The crucial point to note is that a hundred years ago work like Galton's was at the cutting edge of science. Racism was not some backward-looking reactionary ideology; the scientifically uneducated embraced it as enthusiastically as people today accept the theory of man-made global warming. It was only the second half of the 20th Century that eugenics and the related concept of 'racial hygiene' were finally discredited with the realization that genetic differences between the races are relatively small, and the variations within races quite large.What a mouthful! What a concept! Niall is suggesting first that the differences between races is minor and secondly that you can't average them and compare the averages. And yet, he's just done so! He's admitted Africa is a "dark continent" that has so little electricity, you can see how backward it is from space. He's told us European science was key to eradicating African diseases, and yet he suggests that "differences between the races are relatively small" in a book about why Europeans succeeded where other big, rich civilizations — like the Chinese — did not.

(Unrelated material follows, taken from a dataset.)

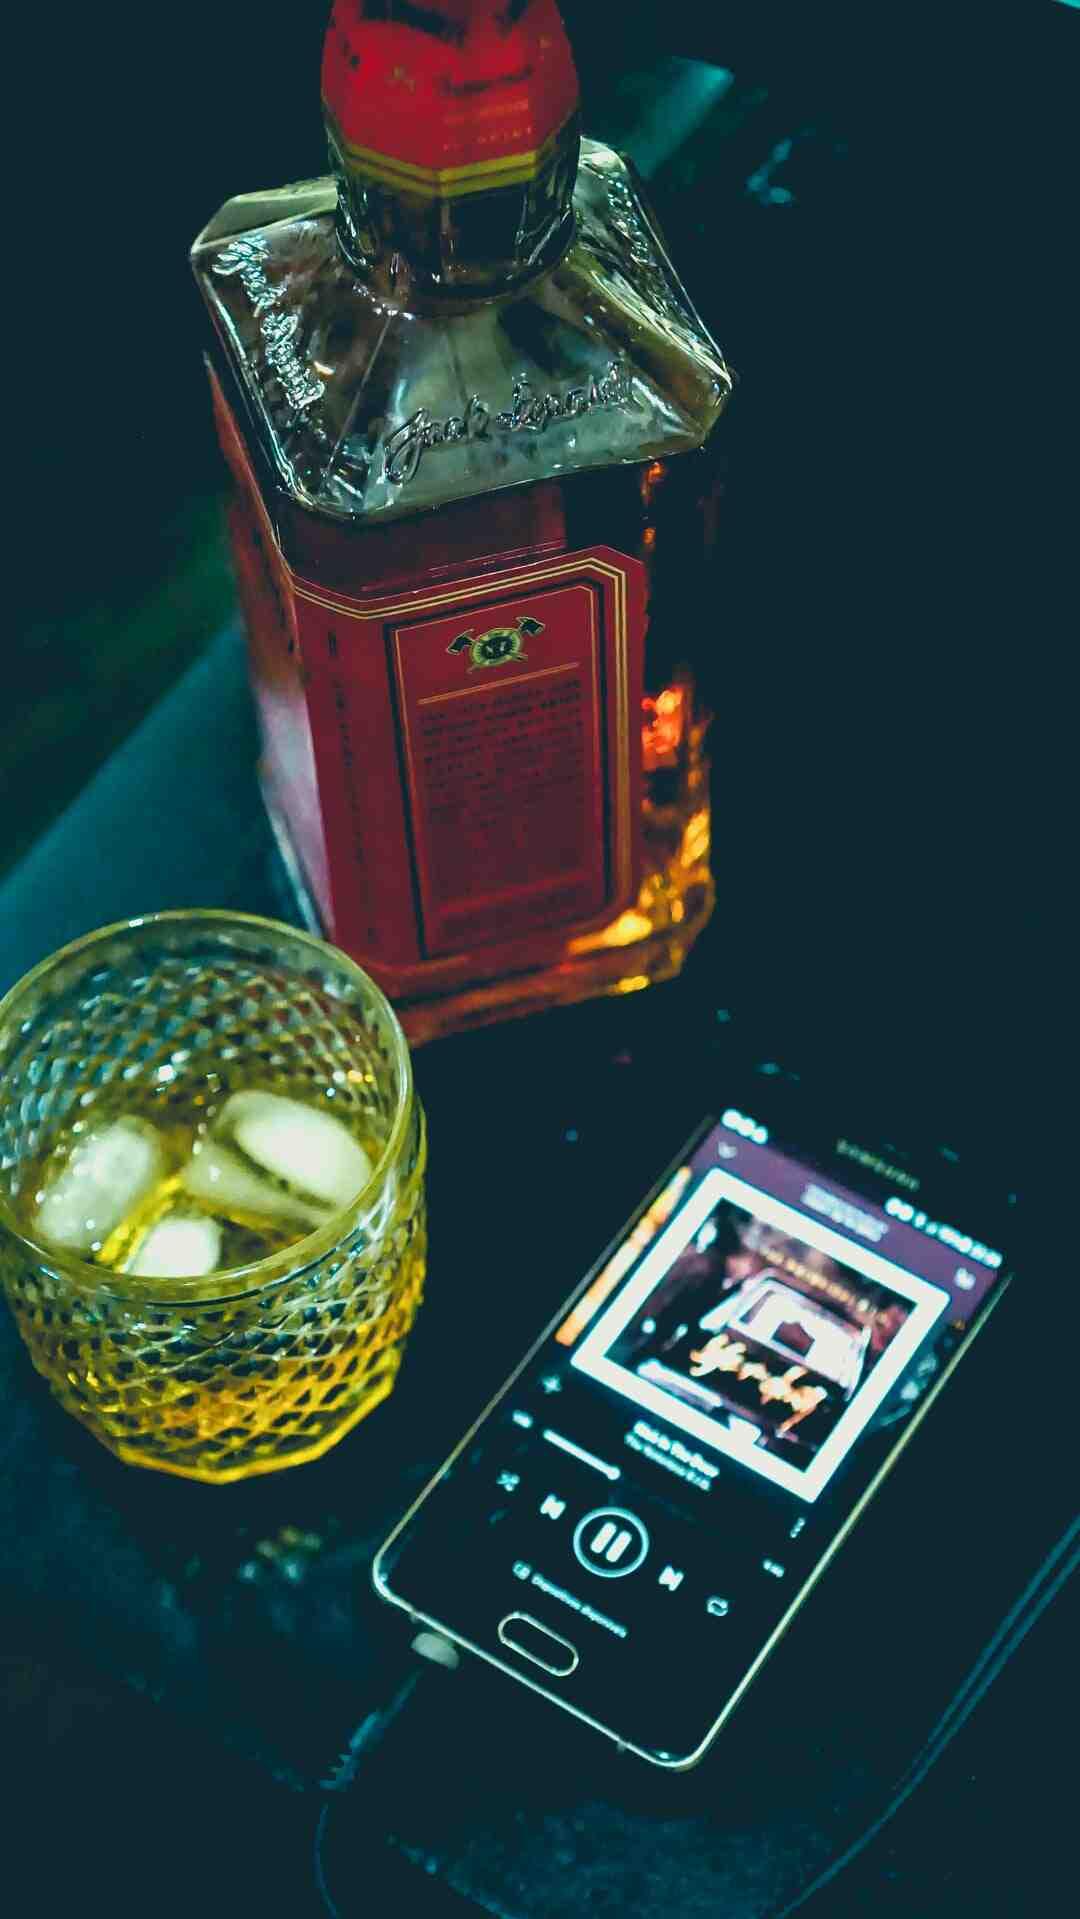 Comment préparer et boire de l'absinthe

Ferguson with his wife Ayaan Hirsi Ali
What he has overlooked is that the European race was far more successful than the Chinese, African, Asian or South American peoples. Why is this? I would argue that Europeans had exactly the right genetic combination of intelligence and aggression to master races without it. Africans had a surplus of aggression and the Chinese of intelligence, but neither were successful imperialists, and neither could withstand the advance of Western Civilization once it really caught fire.
If the difference in genetics was so small, as Ferguson would have us believe, why was the difference in outcomes so large? Indeed, since eugenics is nothing more than breeding in other mammals, a scientific process which has been proven over millennia, how can he dismiss it and still be scientific.
Well, of course, he can't.
This is what you get when modern historians steeped in political correctness set themselves to analyze cultural differences without observing the racial differences that caused them in the first place.
Have another look at the photo at the top of the post. Yes, those are Africans trying to escape the squalor of Africa by moving to Europe. They won't though. You can't escape yourself, no matter how far you travel, or how dangerous the journey. When you get there, you're still who you were in the first place.
In this case, you're still back in Africa.
One can only hope a new crop of historians will take a truly scientific look at why Europe succeeded; one that is unafraid of putting science ahead of politics.